Hi, sorry for the newbie questions but none of these were addressed in the FAQ or programmer guide. Anyways, I’ve done plenty of multithreaded programming so I’m down with code being execute concurrently and aware of the problems that can arise from that but I’m still having trouble understanding some of the basic CUDA concepts and to me it seems that the sdk is trying to abstract away the hardware, yet there are so many limitations in place that you have to know the hardware to use the sdk. Anways, here goes:
why is the warp size 32? To me it seems that since each multiprocessor has 8 processors, 8 would have been a better warp size.
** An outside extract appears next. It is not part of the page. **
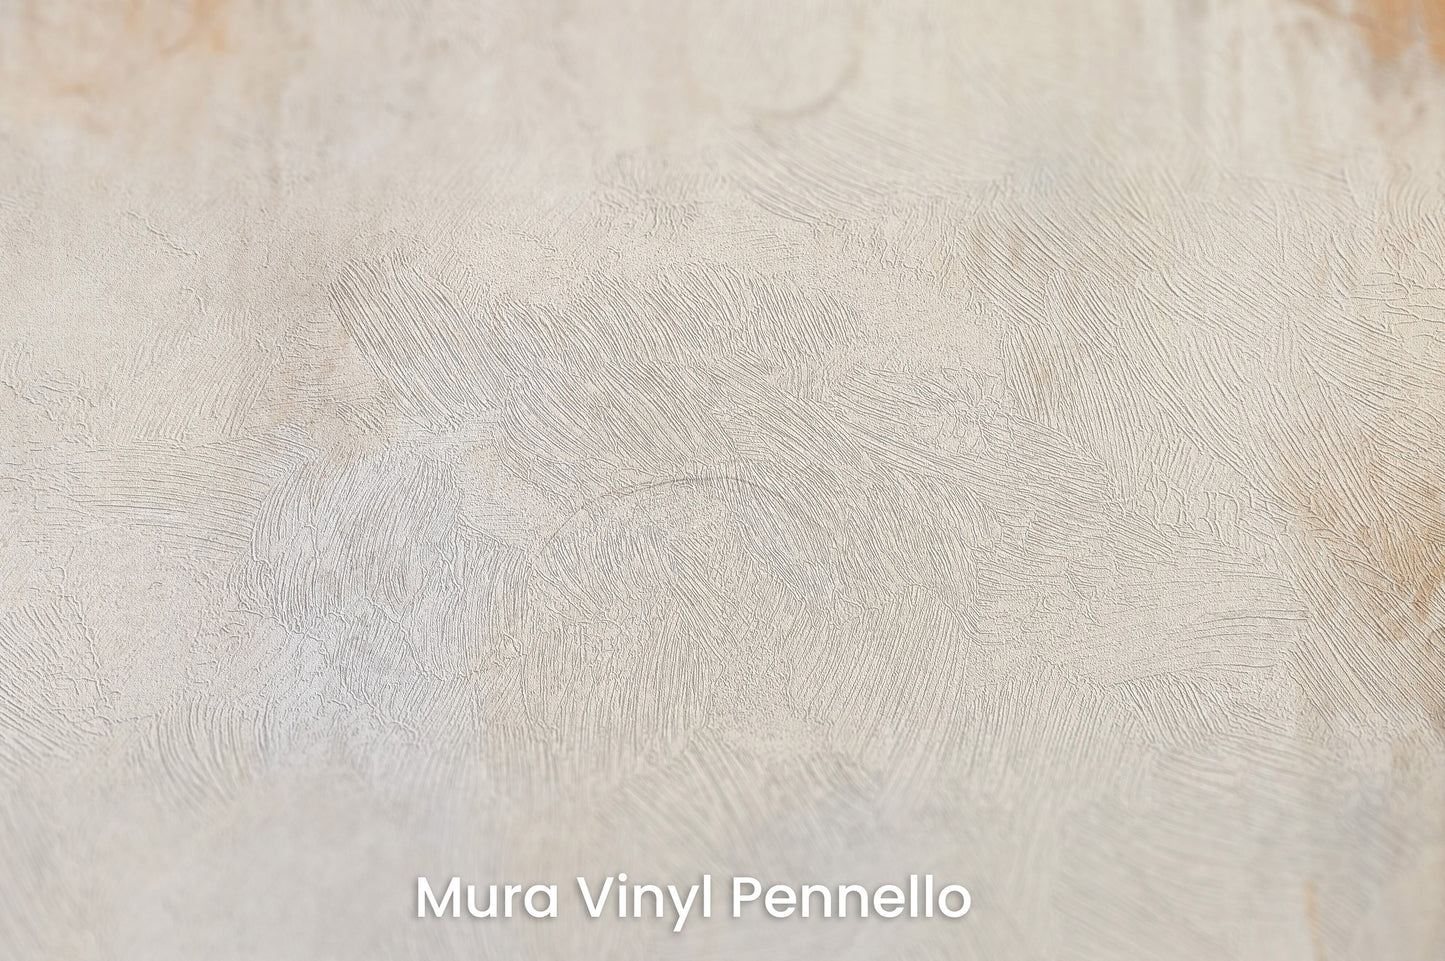 Zbliżenie na artystyczną fototapetę o nazwie ETHEREAL ECHOES ARTISTRY na podłożu Mura Vinyl Pennello - faktura pociągnięć pędzla malarskiego.

Is this 32 threads per warp a universal truth, should I code in that way, will it change, where did 32 come from?
if a multiprocessor has 8 processors, I can understand why the max number of active blocks is 8 (each processor is processing a block) but how can the max number of active warps be 24 and the max number of active threads be 768 as stated in the programming guide A.1? Is each processor really capable of handling 96 operations all at once? If so, is there there something lower than the processor that is not being mentioned in the programming guide like each processor has 16 ALUS capables of handling 4 floats or something? From my understanding it goes: a card has 1-16 mps, each mp has 8 processors, each processor can XXX operations in parallel. I understand that with Intel SIMD you can do 4 adds/muls/etcs per op, but 96?
does each multiprocessor have a scheduler? why is the max threads per block 512 if there is a scheduler? where does 512 come from if 11 lines down in appendix A1 it says an mp can handle 768 threads concurrently? Or does active not mean concurrent?
Any help would be greatly appreciated. We’re trying to get some computer vision algorithms onto the GPU and really want to use this technology.
And I thought register combiners were a pain…